Self-Hosted Apps Distributed as Single Static Binaries Instead of Interpreter-Plus-Docker Stacks
A photo of a self-hosting newbie getting cooked by n8n + Python topped r/selfhosted with 3,372 upvotes and triggered a long, knowledgeable thread about why FOSS web apps are still so painful to install. The recurring complaint isn't that Docker is hard — it's that every project ships a 200-line compose file with hardcoded hosts, missing env vars, weird non-root UID gotchas, and an interpreter (Python, PHP, Ruby, Node) that drags in its own version-management hell. Multiple top commenters explicitly ask for an Apple-style 'self-contained binary, no external dependencies, no interpreters' as the FOSS default. Caddy already proves the pattern works. The wedge isn't a new self-hosted app — it's a curated catalog or build-tooling layer that systematically converts the popular FOSS web apps into single-binary distributions.
Two paths and they don't compete. Path A is a packager — a tool that takes a popular self-hosted Python/Node app and produces a single static Linux binary with embedded SQLite by default and PG/MySQL behind a flag. Path B is a 'works from defaults' grade for the existing catalog: install every app from its quickstart on a fresh VM, score it on whether the user hits any error before first successful login, and rank publicly. Path B is achievable in a weekend and would do more for the ecosystem than another Umbrel competitor.

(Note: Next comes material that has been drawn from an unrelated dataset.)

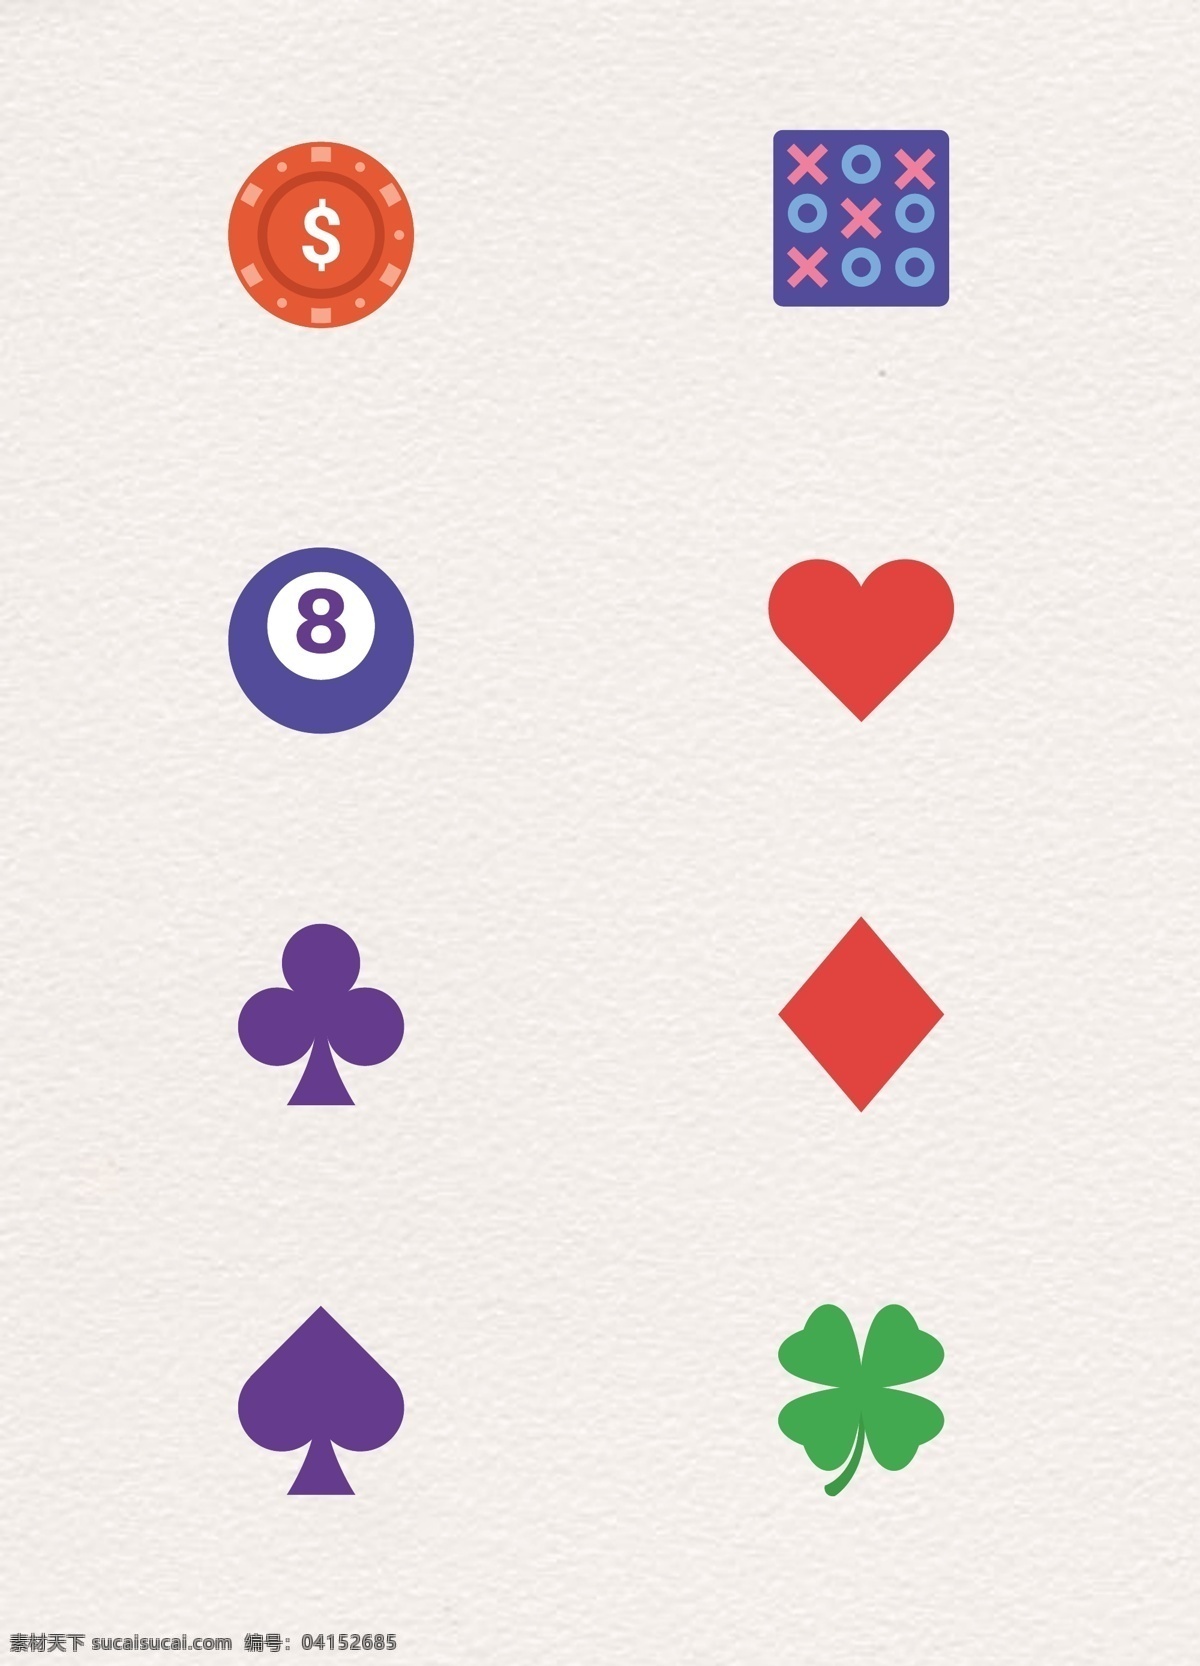 扁平化 赌博 娱乐 矢量 图标素材 卡通 扑克牌 筹码 五子棋 保龄球

landscape (5 existing solutions)
The self-hosted ecosystem keeps adding higher-level wrappers (Umbrel, Coolify, Cosmos) but the underlying apps still ship as interpreter-plus-database compose files with subtle bugs the wrapper can't fix. Caddy is the lone proof that a popular FOSS app can ship as one Go binary with sane defaults. Nobody is funding the unglamorous work of converting Vaultwarden, Immich, Paperless, Audiobookshelf, Linkwarden, etc. into the same shape — or, at minimum, scoring and ranking apps by 'works from defaults' so non-technical users can pick safely.